The enriched GO terms for each cluster support the biological relevance for our approach. As an additional validation, we compared our 39 clusters to the literature curated genetic interaction data set (Yu et al, 2008) and determined enriched genetic interactions (Supplementary Figure 14). We found 15 clusters and 17 cluster pairs with enrichment for genetic interactions.
Deformable meshes represent complex and dynamic expression
We developed a method to produce standardized representations of Drosophila embryonic images and demonstrated the usefulness of this method in a framework for analyzing gene function and knowledge discovery. Although it would be ideal to deform the embryos directly to a standardized shape and relate the registered pixels, frequently such deformations result in a misalignment of internal boundaries (Ju et al, 2003). Misalignments make it difficult to compare expression patterns where boundaries are very important. Key image features from the embryonic expression patterns were extracted and simplified using a deformable mesh. Similar meshes have been used extensively for creating characters and shapes for computer‐generated movies, medical imaging applications (Yoo, 2004), and also for a digital atlas of sagittal sections from the mouse P7 brain (Ju et al, 2003; Carson et al, 2005).
In contrast to the digital mouse brain atlas, our images were not acquired solely for computational analysis. Data were captured with the intent of describing the expression pattern using CV annotations, and curators collected multiple images for each stage to obtain a comprehensive representation of the pattern. As a consequence, the images presented three challenges: (1) segmenting and separating contacting embryos, (2) reducing the data set to the minimal informative image set, and (3) identifying the canonical forms for genes with dynamic patterns. In place of the subdivision mesh used in the mouse atlas, we used an unbiased equally spaced triangular mesh. By removing redundant patterns and sorting images, we identified genes with dynamic expression patterns. Such genes are often parts of complex regulatory networks and, thus, may prove interesting targets for further studies.

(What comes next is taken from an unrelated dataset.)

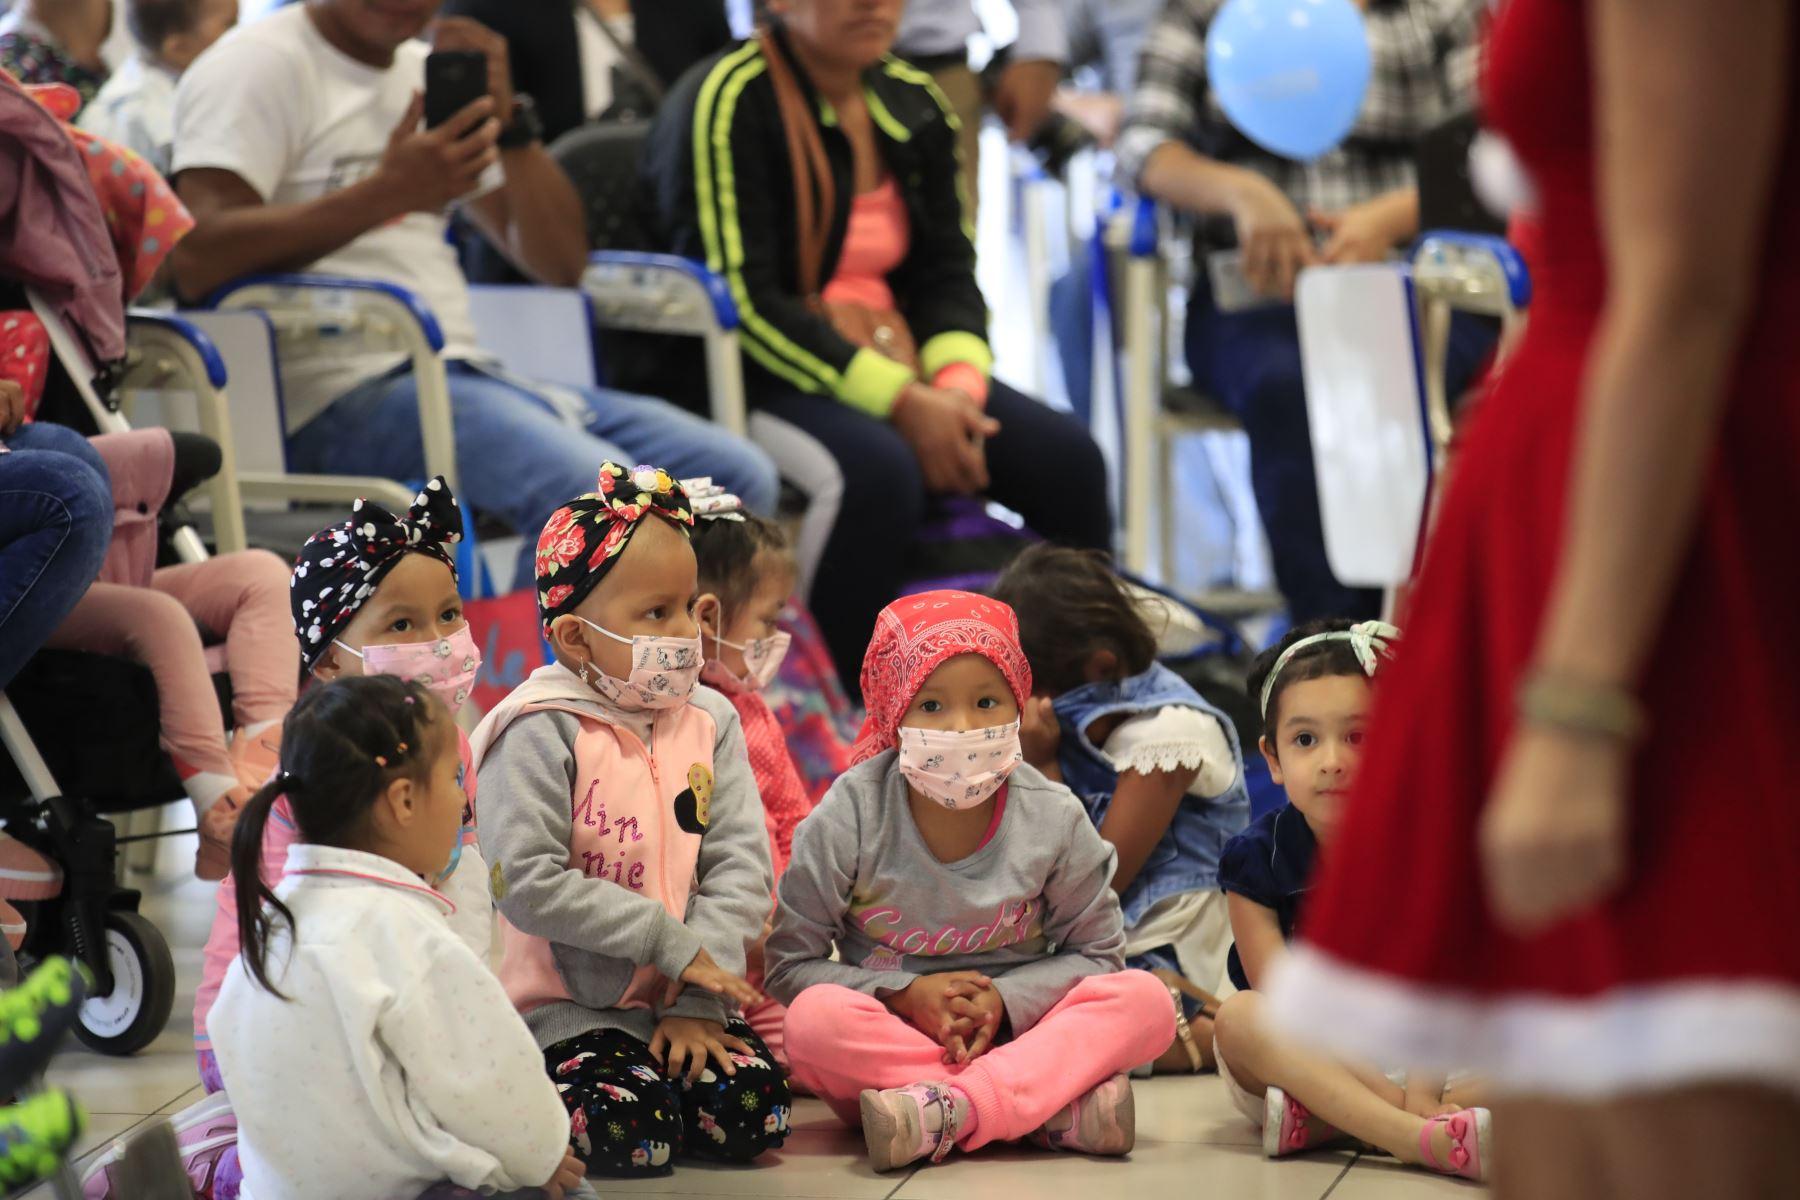 Heart Cares International agasajó a los niños y adolescentes con cardiopatías  congénitas que serán sometidos a cirugías al corazón en el Hospital del Niño.  Foto: ANDINA/Juan Carlos Guzmán Negrini.

TIs are useful to analyze expression data
Earlier efforts to identify similar expression patterns used methods based on Boolean comparison of extracted patterns (Kumar et al, 2002), comparison of regions based on Gaussian mixtures (Peng and Myers, 2004), Eigenface techniques (Peng et al, 2006), and Haar wavelets (Zhou and Peng, 2007). However, these methods are only capable of detecting similar expression patterns. We represented each image as a data vector and applied many standard algorithms for computational analysis. Biologically related genes were identified either with a straightforward correlation distance measurement or a more sensitive and flexible MRF‐based approach. We used pattern variations to identify potential regulatory interactions, such as the repression of sna by hkb at the poles. An advantage of both our correlation distance and MRF approach is that by correlating the expression patterns of two images simultaneously, we can assign a similarity score without prior assumptions about the pattern. As we demonstrated, many pattern boundaries are poorly defined but nonetheless can be identified when placed in context to other patterns (Supplementary Figure 8C). We succeeded in finding correlated patterns even if they shared only small intensity similarities at the same locations.

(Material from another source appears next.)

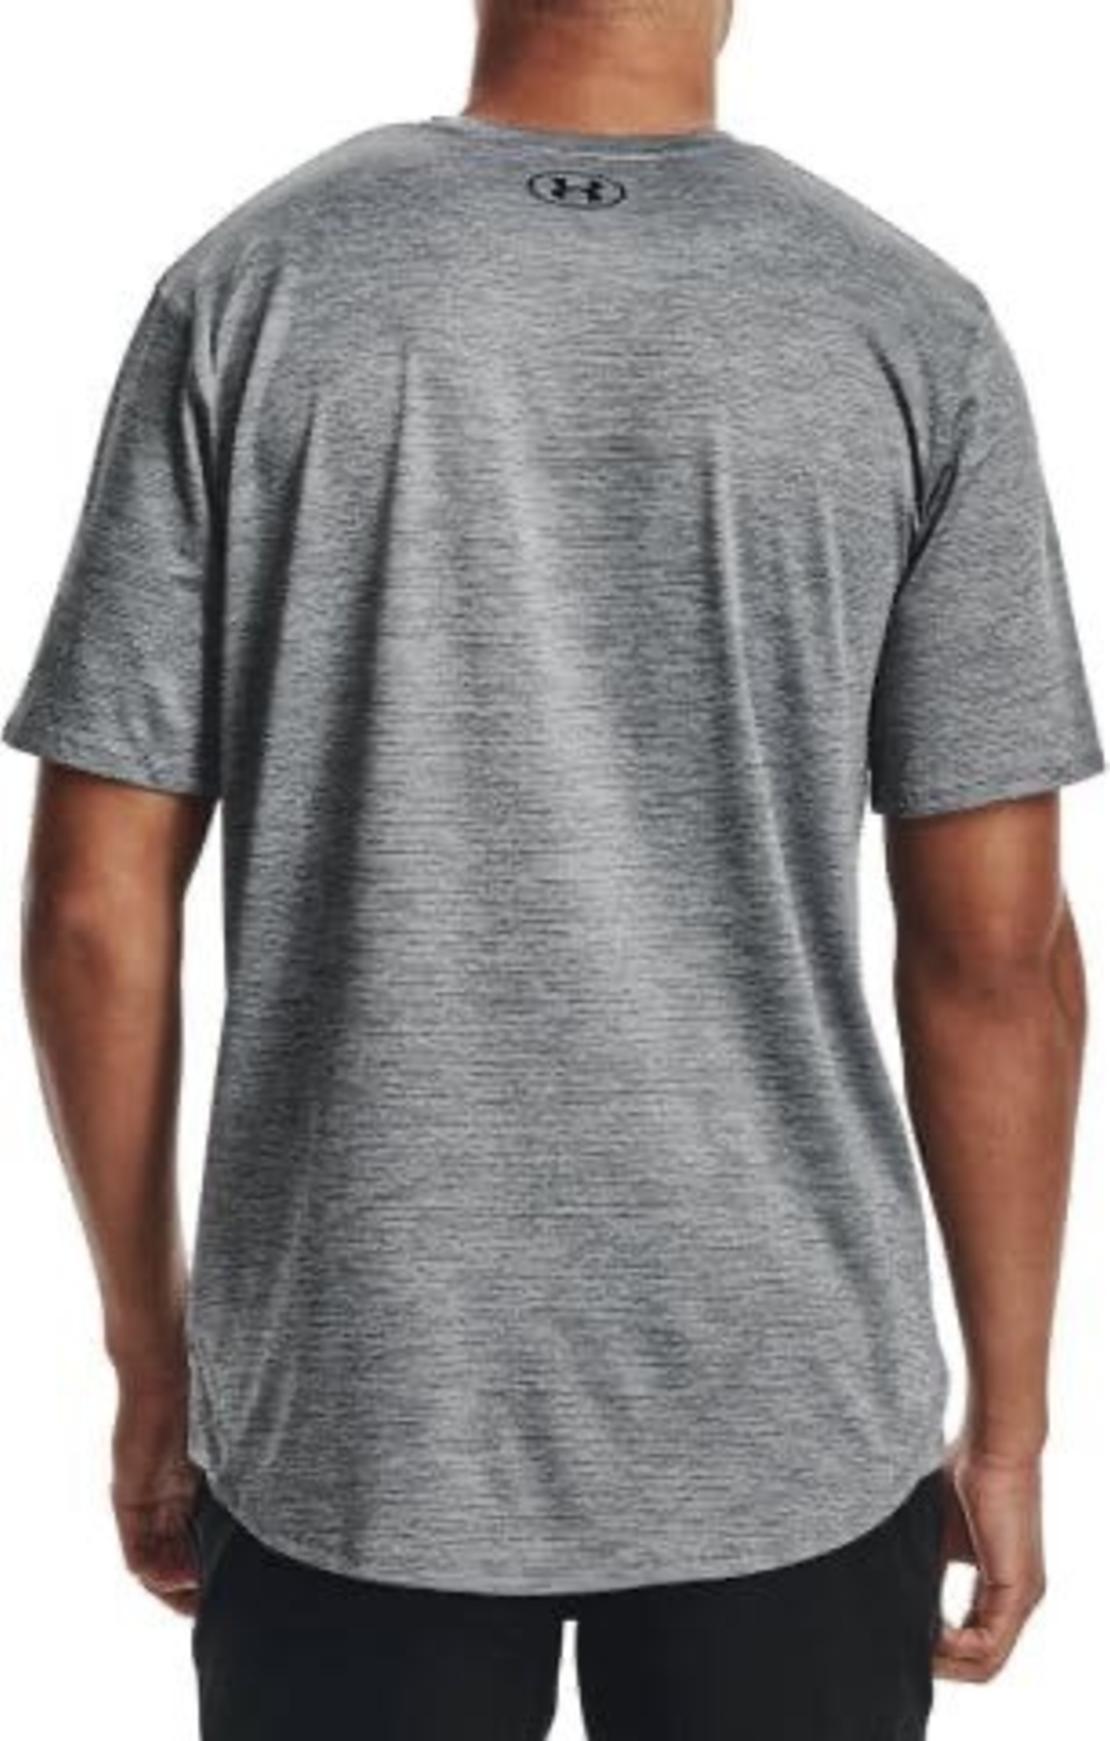 חולצת אנדר ארמור גברים   Under Armour Training Vent 2.0 SS

Currently, there are no benchmarks to evaluate the performance of our similarity search methods or the existing alternatives. Annotations, especially at the studied stages 4–6, are not necessarily applicable as ‘ground truth’ for our data set (Figure 1K; Supplementary Figure 5B). Our method succeeds in finding and clustering biologically related genes. As new protein–protein interaction data becomes available, it will be valuable to compare with our cluster analyses. Currently, a high false positive rate is associated with the yeast two‐hybrid data, which limits the value of such comparisons (von Mering et al, 2002). Using a data set of genetically interacting genes that do not necessarily have overlapping expression, we do see non‐random enrichments.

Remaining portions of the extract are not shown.